# Hello from Australia!



## Naomi (Jan 30, 2008)

Hey everyone. I'm Naomi, and I still live with my family and we own an 8 year old tabby DSH. I'm a 17 year old college student in Australia and looking forward to chatting with you all.
Are there many other Aussie members here?

Dusty is our cat and isn't exactly crazy affectionate. We use to have a problem with aggression with him, but he seems to have settled down in his old(ish) age. He is the sort of cat that likes to be near you, but doesn't like to be petted a lot.

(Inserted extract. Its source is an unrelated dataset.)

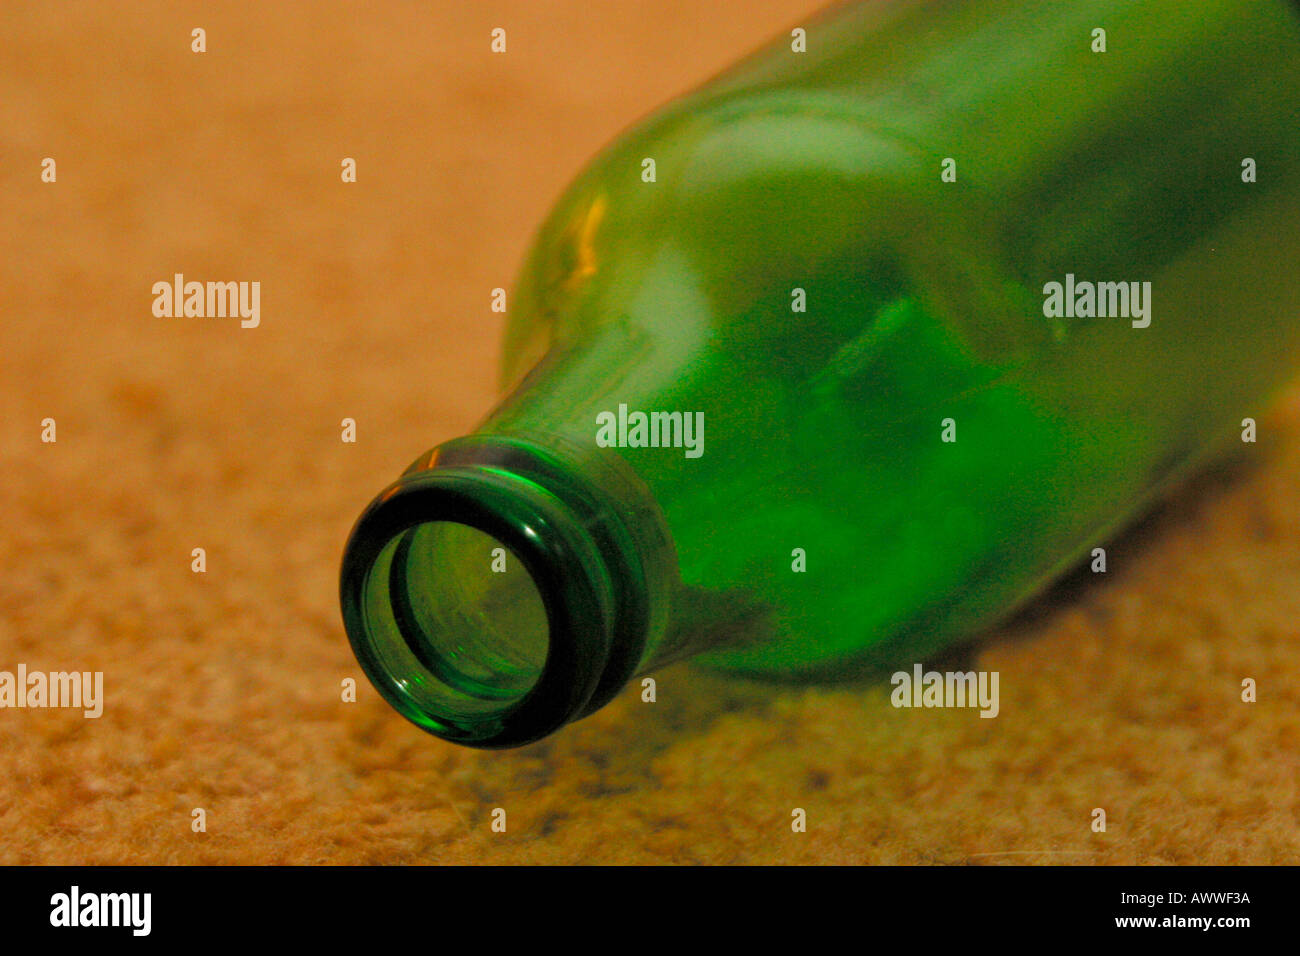 Empty beer bottle discarded on carpeted floor Stock Photo

I hope in the next couple of years to eventually move out, become independent and be owned by a Ragdoll and BSH. I can't wait for that day to come.


----------



## Siamese Louise (Jan 28, 2008)

Hi Naomi--I am new to the forum, too--everyone here is very nice, and I've already gotten some really good advice re. cat issues. I can remember waiting to be on my own so that I could have cats of my very own, too--it's a wonderful thing! Enjoy the forum!


----------



## marie73 (Jul 12, 2006)

Welcome, Naomi!

Yes, there are members here from Australia.  


*Marie*, staff to:


----------



## DesnBaby (Apr 18, 2004)

Cute kitty you have there.


----------



## Naomi (Jan 30, 2008)

Thankyou for the warm welcome! Everyone is really nice here!


----------



## iwantatwinkie (Jan 20, 2008)

Welcome, I am also new here and the people do seem to be very nice.


----------



## dmcwlvssr (Apr 24, 2005)

Welcome and Hello! I am donna owned proudly by the Incredible Four and the big girl Freesia


----------



## Jimmyness (Dec 31, 2005)

Hey there! Im a fellow aussie 
Im Krystle, 18 from Brisbane, welcome to the forum.


----------



## Kaia Cat (Apr 11, 2007)

Welcome to the forum!
Dusty is adorable


----------